Okay, but what about that “complexity and clutter”?

In “traditional” test-runners like the stdlib unittest module, a test-suite has a single setUp method where all the setup happens. You can of course choose to instantiate helpers and the like in these methods, but in my experience what tends to happen is that “everything” to do with setup is done in the one method.

What can be even worse is when inheritance is used (either via mix-ins or in a “traditional” hierarchy) since it becomes less obvious which tests need what setup. In either case, most state is then stored in self. which also becomes untenable and confusing. That is, answering the questions “where does self.foo come from?” or “does this test need self.foo?” becomes harder and harder.

So, given that you get inter-fixture dependencies with py.test this situation can be drastically improved. Specifically, I have a setup like this:

some “utility” setup and teardown (tempdirs, etc);
a flogtool gather service to collect Foolscap logs;
an Introducer (depends on logging service);
five storage nodes (depend on Introducer and logger);
Alice and Bob clients (depend on Introducer, Storage).

We can declare these dependencies easily in the fixture declarations themselves. Reproducing just the definitions, we can easily see the dependencies:

@pytest.fixture(scope='session')
def flog_gatherer(reactor, temp_dir, flog_binary, request):
    # ...
@pytest.fixture(scope='session')
def introducer(reactor, temp_dir, tahoe_binary, flog_gatherer, request):
    # ...
@pytest.fixture(scope='session')
def storage_nodes(reactor, temp_dir, tahoe_binary, introducer, introducer_furl, flog_gatherer, request):
    # ...

This gives many advantages! Each fixture does just one thing, so you can ignore irrelevant or “obvious” things (e.g. temp_dir). It’s easier to compose them together. You can now more-easily re-use them (for example, a future test might just need an Introducer). You also are Strongly Encouraged by py.test infrastructure to put finalizer code “right near” the setup code, which is also very nice.

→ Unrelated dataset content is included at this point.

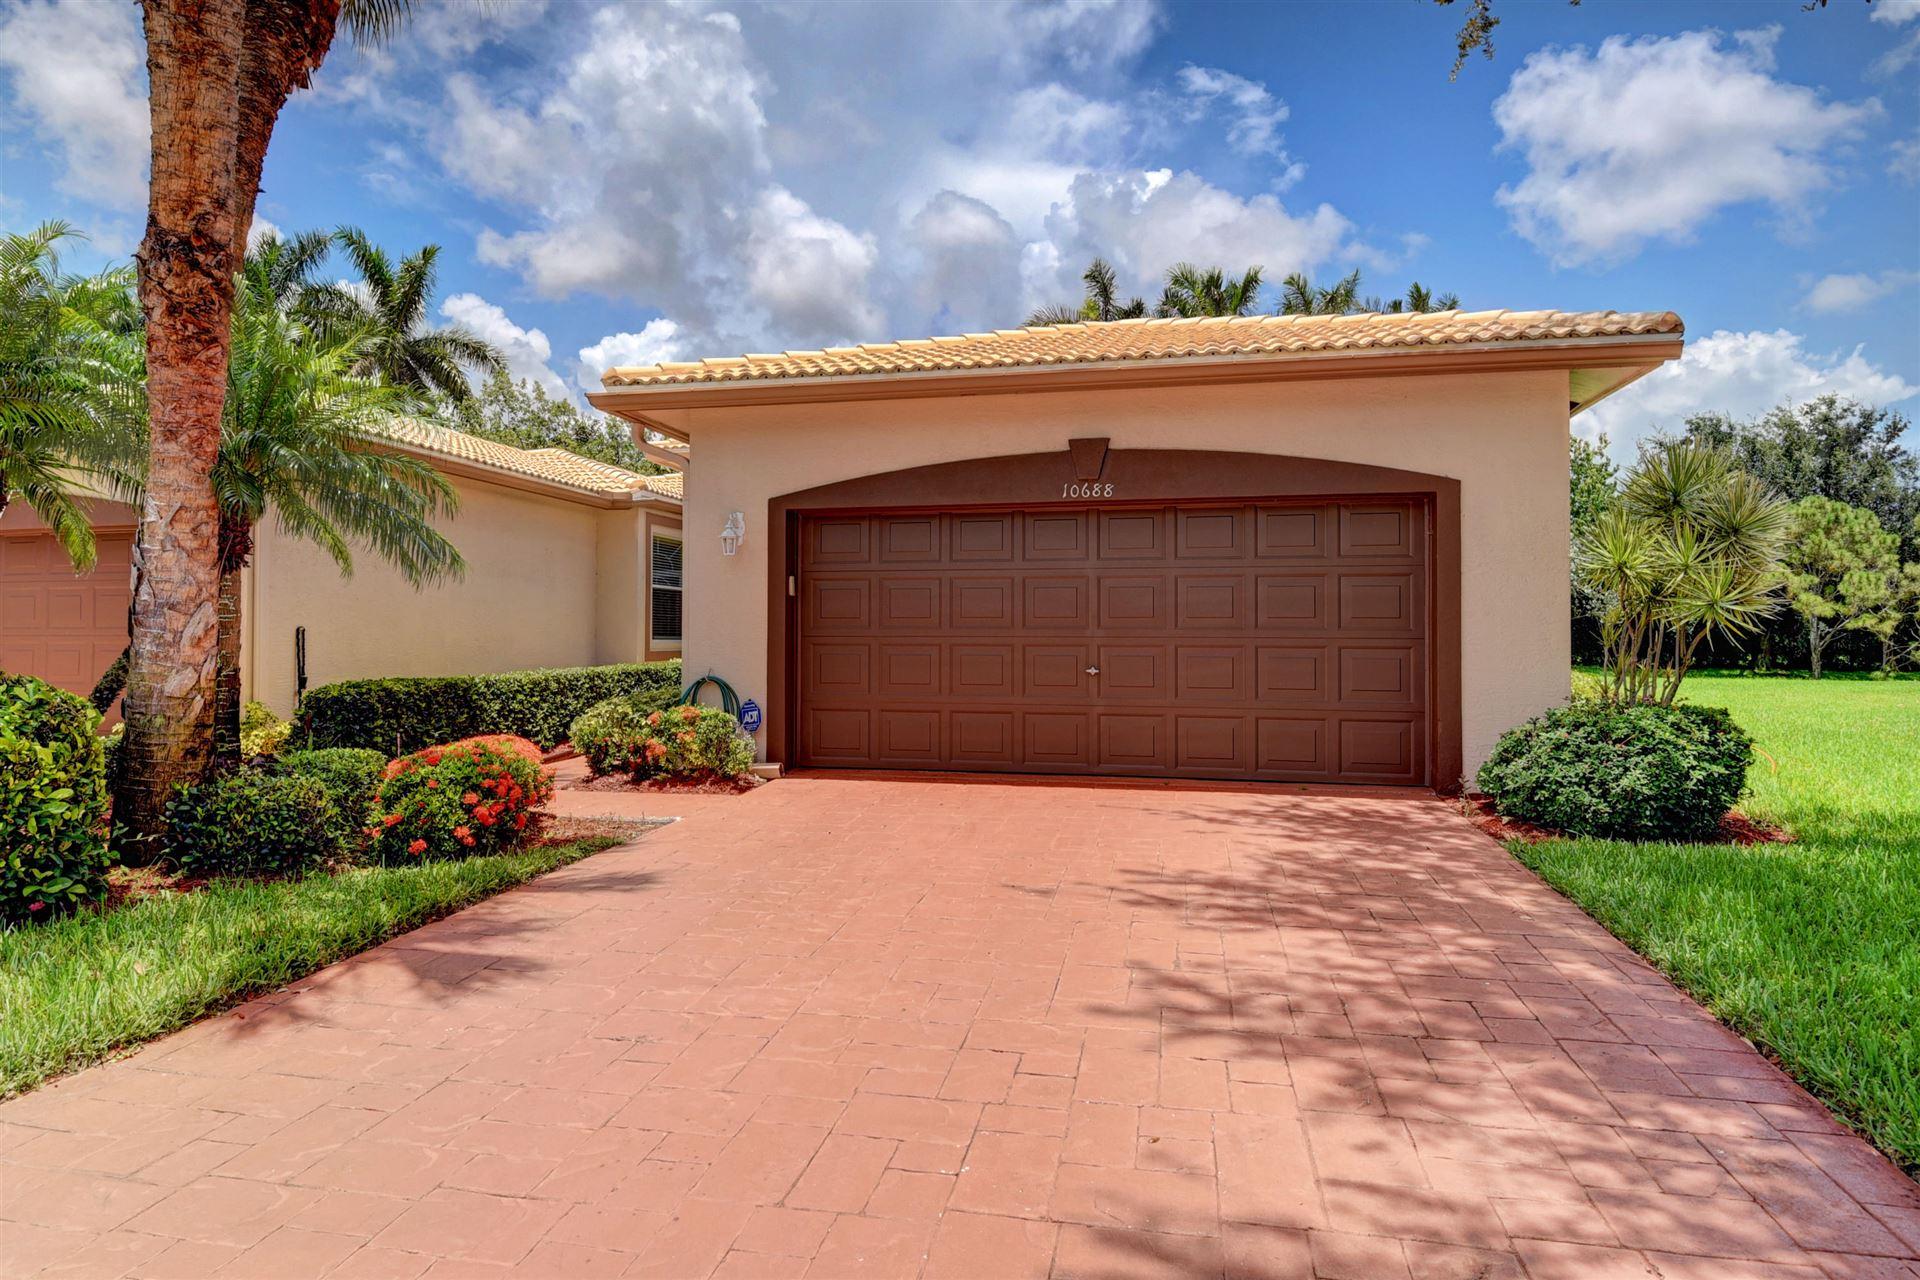 10688 Royal Caribbean Circle, Boynton Beach, FL 33437 - #: RX-10640273

Obviously it’s still not magic, and this setup is still pretty complex. However, the declarative nature of the fixture inter-dependencies really helps a reader (I think!) see how things are related. The granularity also allows you to quickly find interesting things (e.g. “I wonder how the storage nodes get set up?”)

When Things Go Bad

When tests fail, you’re sad. But then what? I added a --keep-tempdir option (thanks to py.test ‘s very extensive customization hooks) so that you can keep the entire setup of the grid. As well, all the logs gathered are dumped to a tempfile (that’s also retained).

Combined with passing -s to py.test, you get a complete postmortem of everything: you get all stdout from all the processes, and all the Foolscap logging. You can also now re-start any or all of the local grid (including the log-collector). This is usually a bit step up from any manual tests (the log-collector is usually missing then, for example), and of course is far more repeatable.

Gnits and Gotchas

The only thing I don’t like about this setup is that the magic_folder fixture takes some non-trivial amount of time to instantiate (because it’s making a logger, introducer, 5 storage nodes, etc) and there’s no way to show progress to the user.

What I did is to make some “dummy” tests (in test_aaa_aardvark) that run first, and declare dependencies on just some of the simpler fixtures (in order). So, you see a test_introducer run as soon as the Introducer is set up, etc. In this manner you see some amount of progress (but, you can safely skip any of these).

It would be nice if py.test had a built-in way to show progress of fixtures getting instantiated especially for integration-style tests.